Flagler College Tallahassee
- Type: Private satellite campus
- Established: 2000
- Endowment: US$60 million
- Chancellor: William L. Proctor
- President: Joseph Joyner
- Administrative staff: 20
- Students: 400
- Location: Tallahassee, Florida, U.S.
- Colors: Crimson and gold
- Nickname: Saints
- Website: www.flagler.edu/flagler-college-tallahassee/

= Flagler College – Tallahassee Campus =

Branch campus of Flager College

Flagler College Tallahassee was a branch campus of Flagler College, a private liberal arts college in St. Augustine, Florida. It was hosted through Tallahassee State College and was founded in 2000 as the product of a legislative mandate to expand opportunities for four year degree-seeking students. The campus offered bachelor's degree programs in six majors and four minors. The campus officially closed in May 2024. The closure was prompted by changes in the Florida higher education system, including Tallahassee Community College's expansion to offer four-year degrees, which reduced the need for a separate Flagler College branch in the region.
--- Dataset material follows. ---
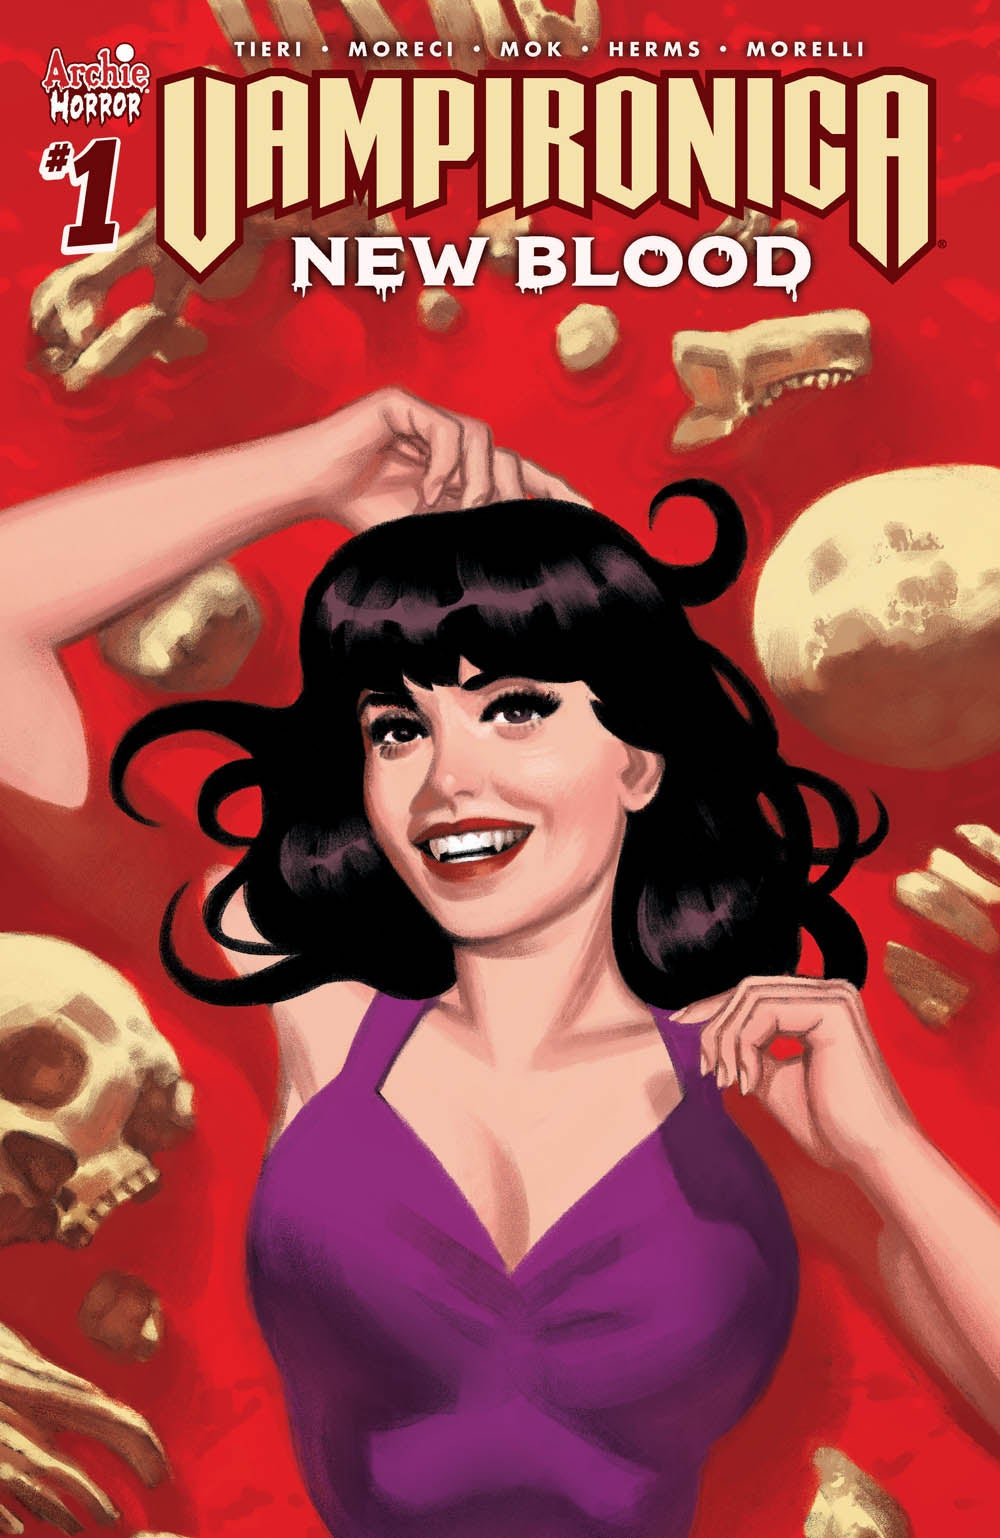 Image: Greg Smallwood, Archie Comics

The campus's programs were phased out, and the final graduating class marked the end of its academic offerings in Tallahassee.

== History ==
This branch campus of Flagler College was the outcome of a combined effort between former Tallahassee Community College President T. K. Wetherell and past Flagler College President, and current Chancellor, William L. Proctor; the two were longtime colleagues, knowing each other from Wetherell's time playing for the Florida State Seminoles where Proctor served as assistant football coach.

When Florida's Legislature passed a mandate to increase opportunities for four year degree-seeking students through two year institutions, Wetherell contacted Proctor to begin development of a Flagler College branch through the TSC campus. As a result, Flagler College Tallahassee opened its doors in the Fall Semester of 2000 with its first class of 56 students graduating in 2002. The school produced over 2,800 graduates across multiple disciplines.

== Academics ==
The campus offered Bachelor of Arts and Bachelor of Science degrees. Admission was open to students who have earned an Associate of Arts (AA) degree, or 60 transferable college credits, in addition to meeting major requirements. To have been considered for acceptance, prospective students must have provided an application for admission and sealed official transcripts from all schools attended. If transferring from TSC, a degree audit was required. The college's acceptance rate was an average of 60 percent of its annual applications.